【静岡県知事選】鈴木氏が立候補表明/大村氏、10項目政策発表 選挙戦実質スタート

 前浜松市長の鈴木康友氏(66)は15日、川勝平太知事の辞職に伴う静岡県知事選(5月9日告示、26日投開票)に無所属で立候補すると表明した。県庁で会見を開いた鈴木氏は「知見、経験、ネットワークの全てを注ぎ、東部、中部、西部の『オール静岡』で県の発展に尽くす」と決意を述べた。一方、既に立候補を表明している元静岡県副知事の大村慎一氏(60)は同日、静岡市内で政策発表会見を開いた。両氏が争う構図が確定し、本格的な選挙戦が実質スタートした。
⇒鈴木氏出馬会見全文 「経験、知見を全て注ぐ」
⇒大村氏出馬会見全文 「リニア責任持って解決」
鈴木氏「混迷の県政立て直す」 東部の発展にも注力の意向
 鈴木氏は「突然の知事の辞職だったので即戦力の自分が担うべきと決断した。混迷の県政を立て直す」と出馬理由を語った。大村氏との違いについて4期16年の市長職や民間企業経営、衆院議員の経験を挙げ、市長時代に注力した企業誘致やスタートアップ(新興企業)支援、農林水産業施策などの実績を強調した。

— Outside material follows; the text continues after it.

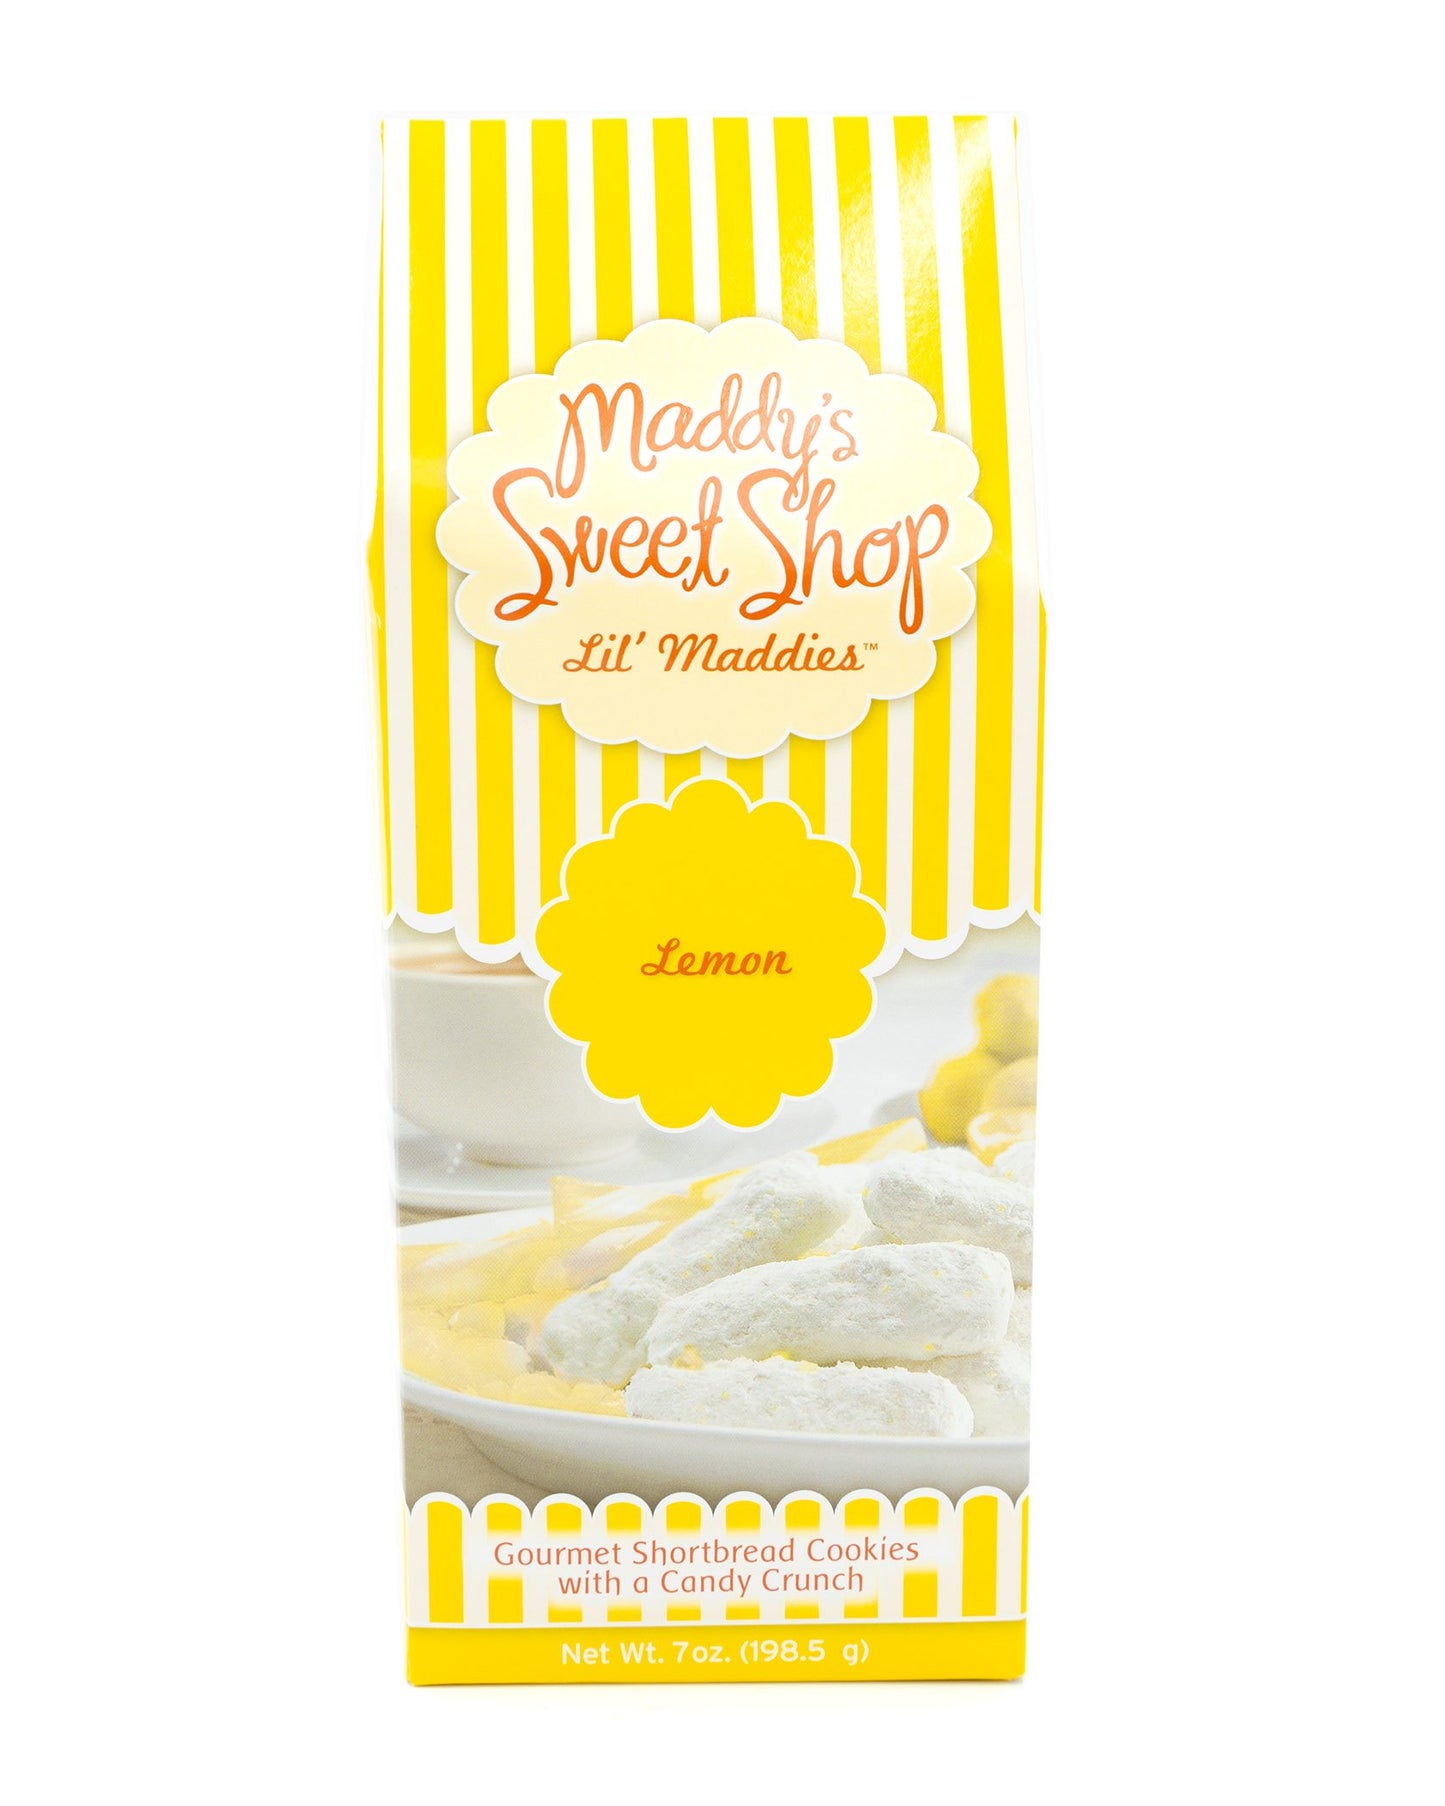 Maddie's Sweet Shop - Lemon Shortbread Cookies

photo03 静岡県知事選への出馬を正式表明し、記者会見する鈴木康友氏=15日午前、県庁
 知事に必要な要素としてリーダーシップと発信力を挙げ、「知事は全ての県民の負託に応えなくてはいけない。県全体に政策やポリシーを訴える。ポテンシャルがある伊豆半島を中心とした県東部の発展にも力を注ぐ」と語った。リニア中央新幹線問題には「環境との両立を図りながら推進する。課題がクリアになれば着工を認める」と述べた。
 会見には、浜松経済界からハマキョウレックスの大須賀正孝会長と遠州鉄道の斉藤薫会長が同席した。
 鈴木氏は同市出身。当時の民主党で衆院議員を2期務めた後、2007年の市長選で初当選し、4期16年務めた。退任後はコンサルティング業などを行っている。

大村氏「県政、抜本的見直し必要」 リニア・野球場は推進
 大村氏は防災・危機管理や経済・所得など10項目を基本政策の柱に据えた政策集を発表した。15年続いた川勝県政については「対立、分断が起き、前に進まなかった。抜本的に県政の手法を見直す必要がある」との認識を示し、県と市町の連携や対話を重視した県政運営をすると強調した。
photo03 静岡県知事選の政策を発表する大村慎一氏=15日午後、静岡市葵区
 県政の主要課題に挙がるリニア中央新幹線事業は交通利便性向上や地域活性化の観点から「推進」の立場だとし「課題を点検・確認し、県民の意見を聞きながら詰めていく」と述べた。川勝知事が主張していた部分開業については「一企業の事業計画を尊重すべき」と否定的な考えを示した。
 浜松市の新野球場建設を推進すると強調。県が示す野球場の規模と構造の組み合わせ3案の選択は明言せず、地元の要望や県の財政状況を考慮して検討すると説明した。周辺地域のにぎわい創出も合わせて進める方針を示した。
 基本政策10項目に加え、トップセールスの姿勢で自ら先頭に立って県の魅力発信を行うとした。